Reproduce, from the lines below, exactly the stretch that begins at the line containing "Starz Logo - Starz 2016.svg" and ends at the line containing "Baby & Girls", both included.

DATASET CONTENT: Begin

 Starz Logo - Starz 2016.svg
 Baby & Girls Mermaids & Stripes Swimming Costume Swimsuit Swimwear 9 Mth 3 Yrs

DATASET CONTENT: End
DATASET CONTENT: Begin

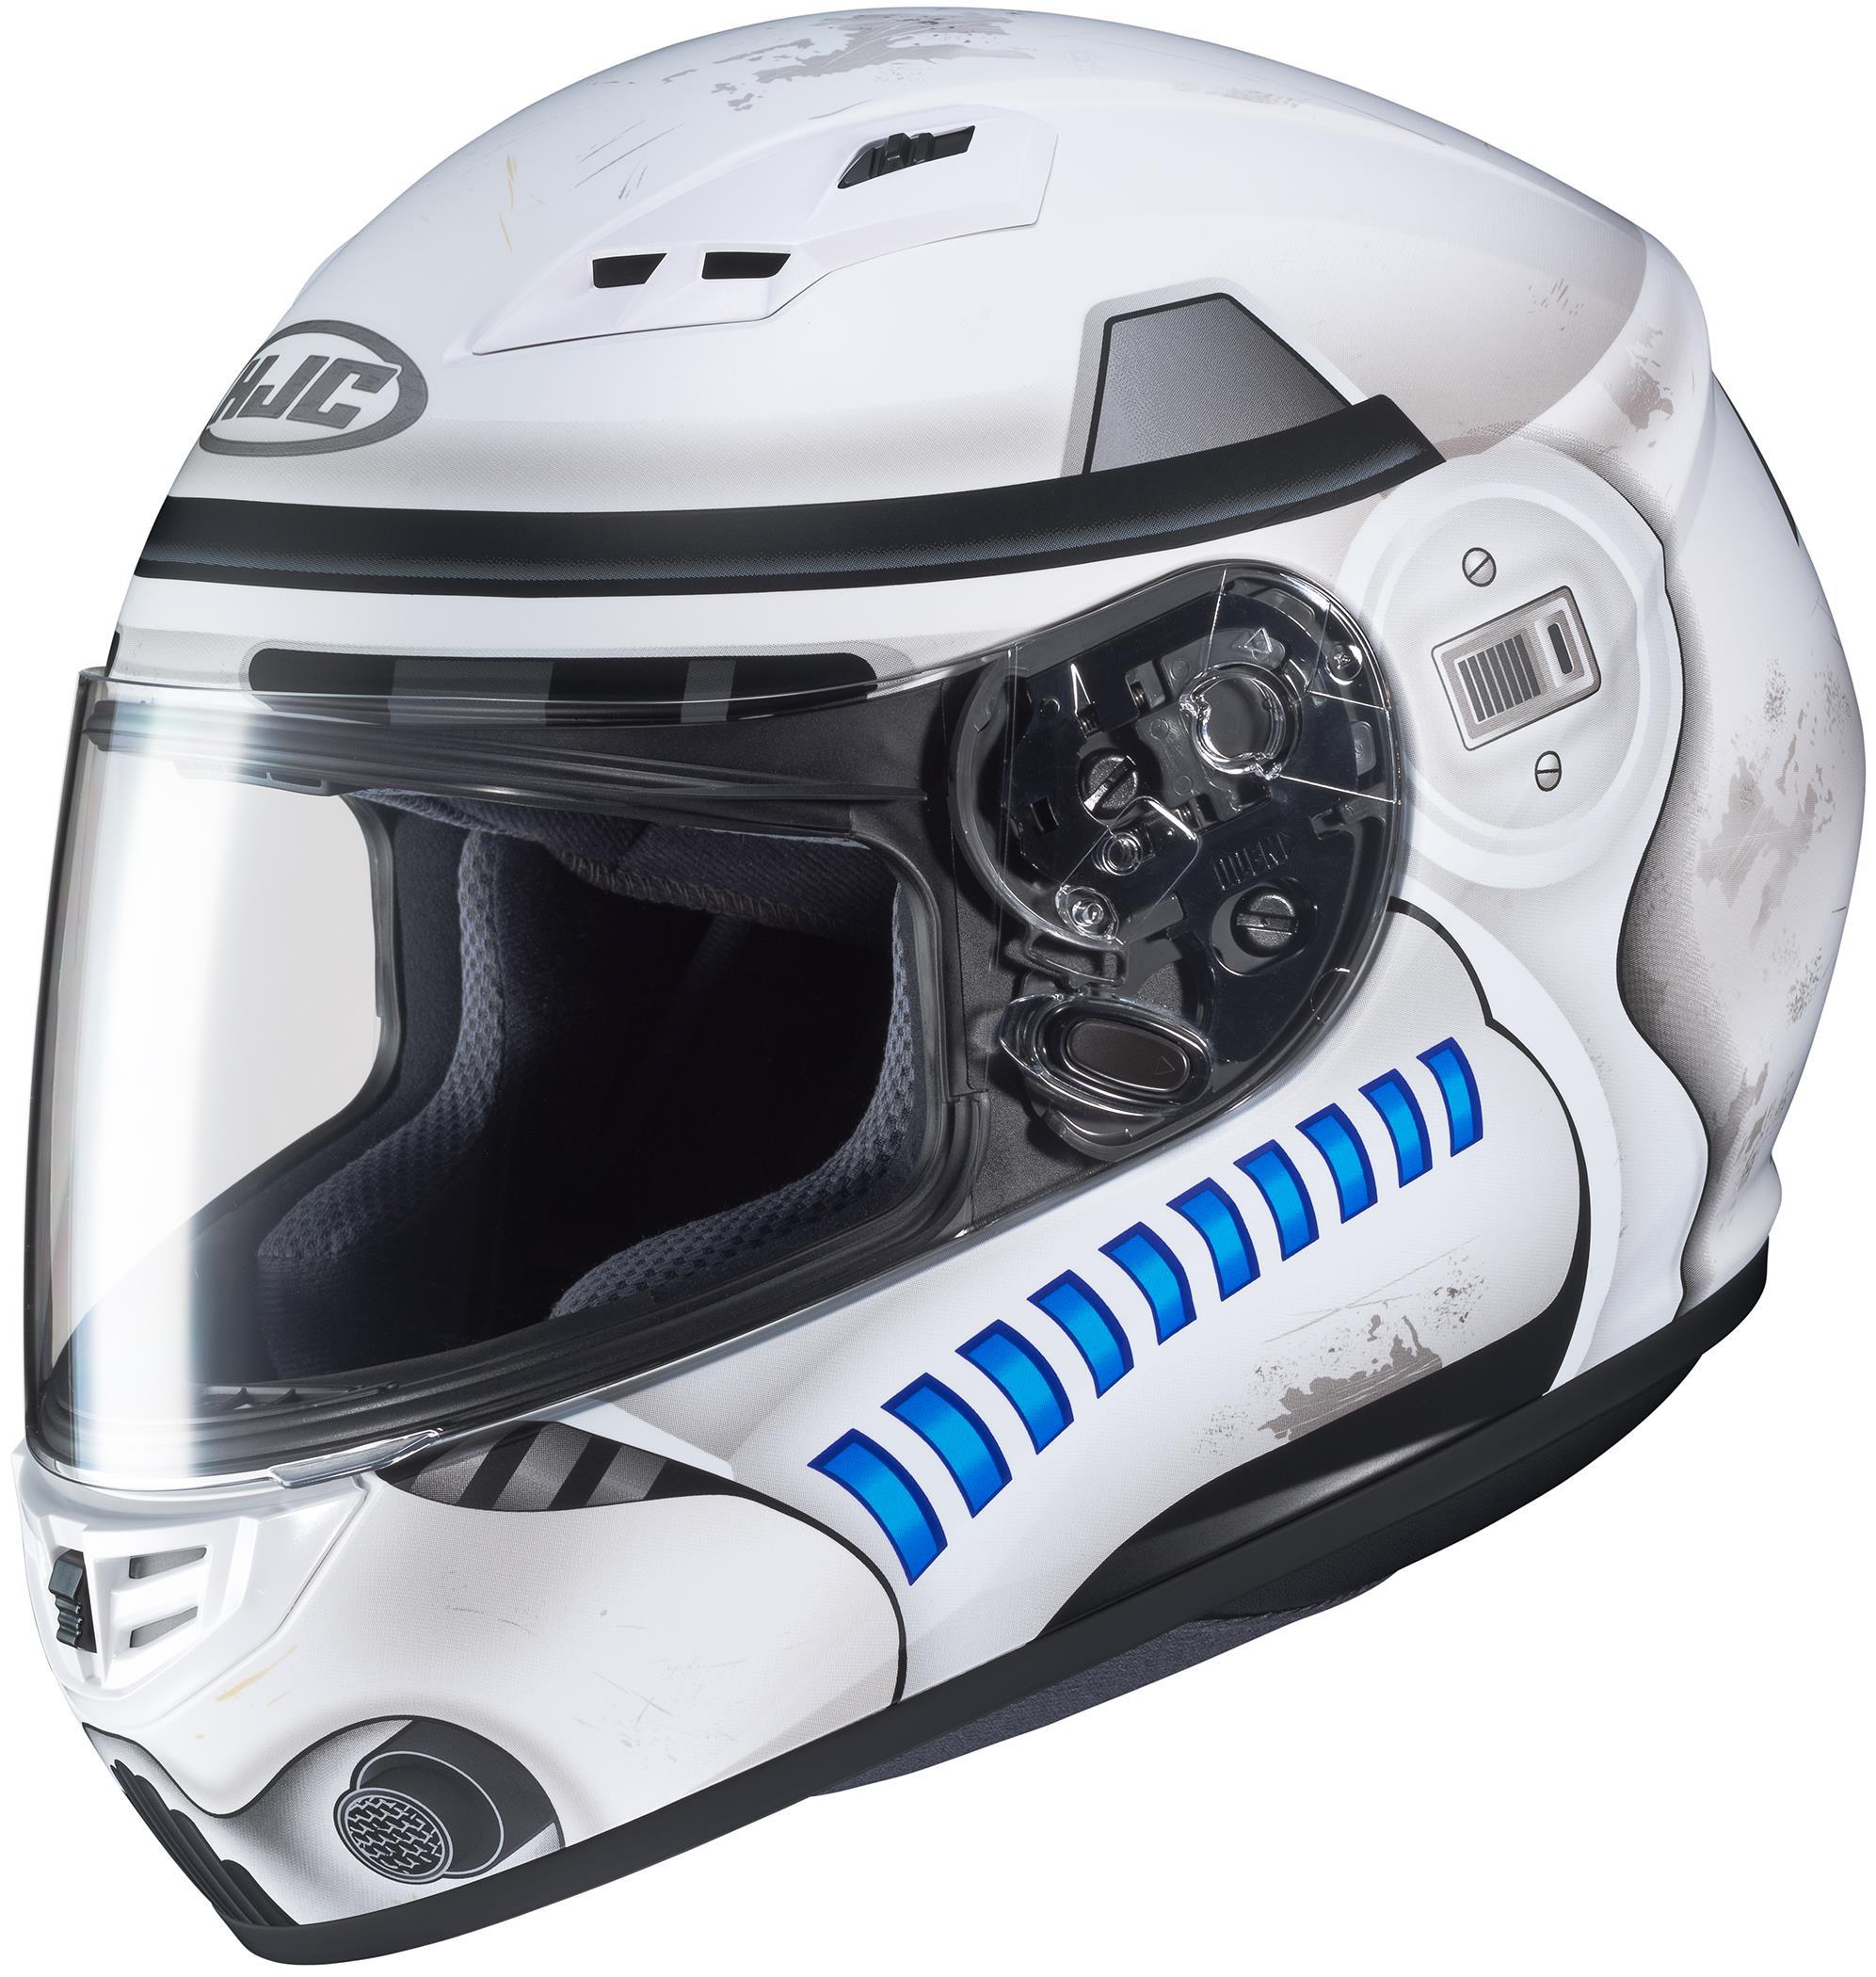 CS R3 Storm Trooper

DATASET CONTENT: End

• COMPLETED EXERCISE:
 Starz Logo - Starz 2016.svg
 Baby & Girls Mermaids & Stripes Swimming Costume Swimsuit Swimwear 9 Mth 3 Yrs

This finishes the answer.